One year The Discworld came to Embra. Again. I'd seen a production of Wyrd Sisters that made me Laff My Arse Off, as they say on t'internet, so when I heard that Guards! Guards! was to be staged with Paul Darrow (Avon off Blake's Seven) as Captain Vimes, I was sold. Mrs Farty wasn't interested in "that sci-fi stuff", so I asked around and Dougal said she'd quite like to go.
The first act has gone well, with several in-jokes for people who have read the books but also a good storyline for first-timers. Vimes, I have to say, was pure dead brilliant. Then comes the interval and off we go to the bar to discuss our thoughts on the play so far.

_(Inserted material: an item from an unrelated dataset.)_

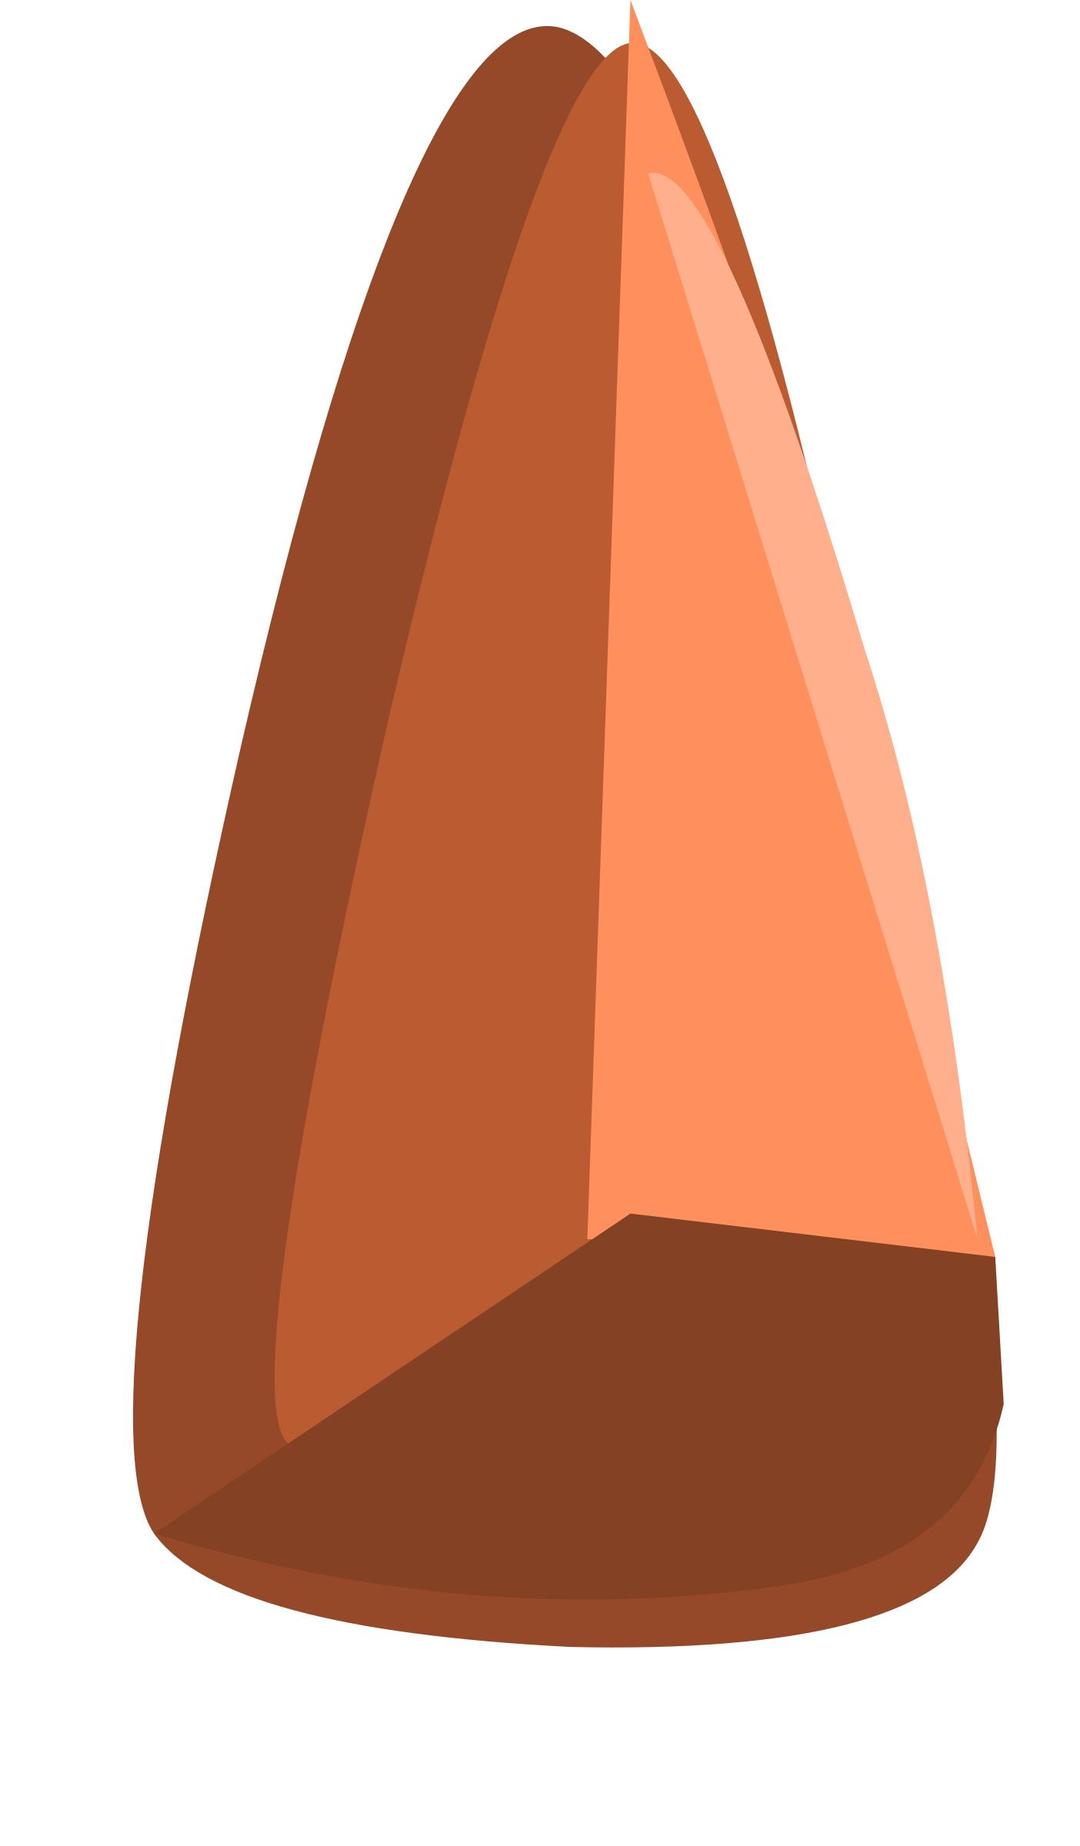 Avatar Vanity Nose Triangle png transparent

Out of the corner of my eye, I notice Dougal fidgeting uncomfortably with her drink. I glance down and notice, for the first time, that the fingers on her right hand are, er, missing. She just has little stumps where they ought to be. Still, she seems to be coping ok, so I figure she must be used to it and carry on chatting. Then the bell rings for the second act and in we go...
Cut to two or three weeks later. I bump into Dougal again and she tells me she's hooked up with a bloke she's met off t'internet. From her description he seems to be quite a nice chap, despite being French. She's going over to visit him in person, as you do. And it's only now, when she's waving her hands about in excitement, that I notice her finger stubs again. Hang on - that's her left hand. Double-check - oh. Both hands. Well done. 2/10 for observation, Farty.
Fast forward six months. I've met Jean-Paul, and yes, he really is a very, very nice man. If it wasn't for the accent, you'd almost think he was Scotch. Dougal tells me he's proposed and shows me the ring. It is beautiful - a simple band of gold with a diamond inset. Except that it's a bracelet, of course. They're getting married in France and going to live in Romantic Paris.
Two years later. "Coo-ee! Farty!" It's Dougal. And Jean-Paul. In Safeway's. Embra. They have a buggy. I peer inside. A little person peers back at me. "This is Fifi. Isn't she lovely?"
I can't help it. I check the fingers. Ten. "Yes, she is. Cute." But she would still be lovely if she had taken after her mum. "So what happened to Paris?"
"It was horrible, just horrible. We really couldn't stand it. We stuck it out for as long as we could, but in the end we just gave up and came back home to Embra."
"Yes, but what exactly was wrong with Paris?"
"It was full of bloody Parisians. Even Jean-Paul hated it, and he's French!" We all laugh. It's a funny old world, innit?
I never did have the heart to tell her about where she really got her name, but I sometimes wonder if she knew all along?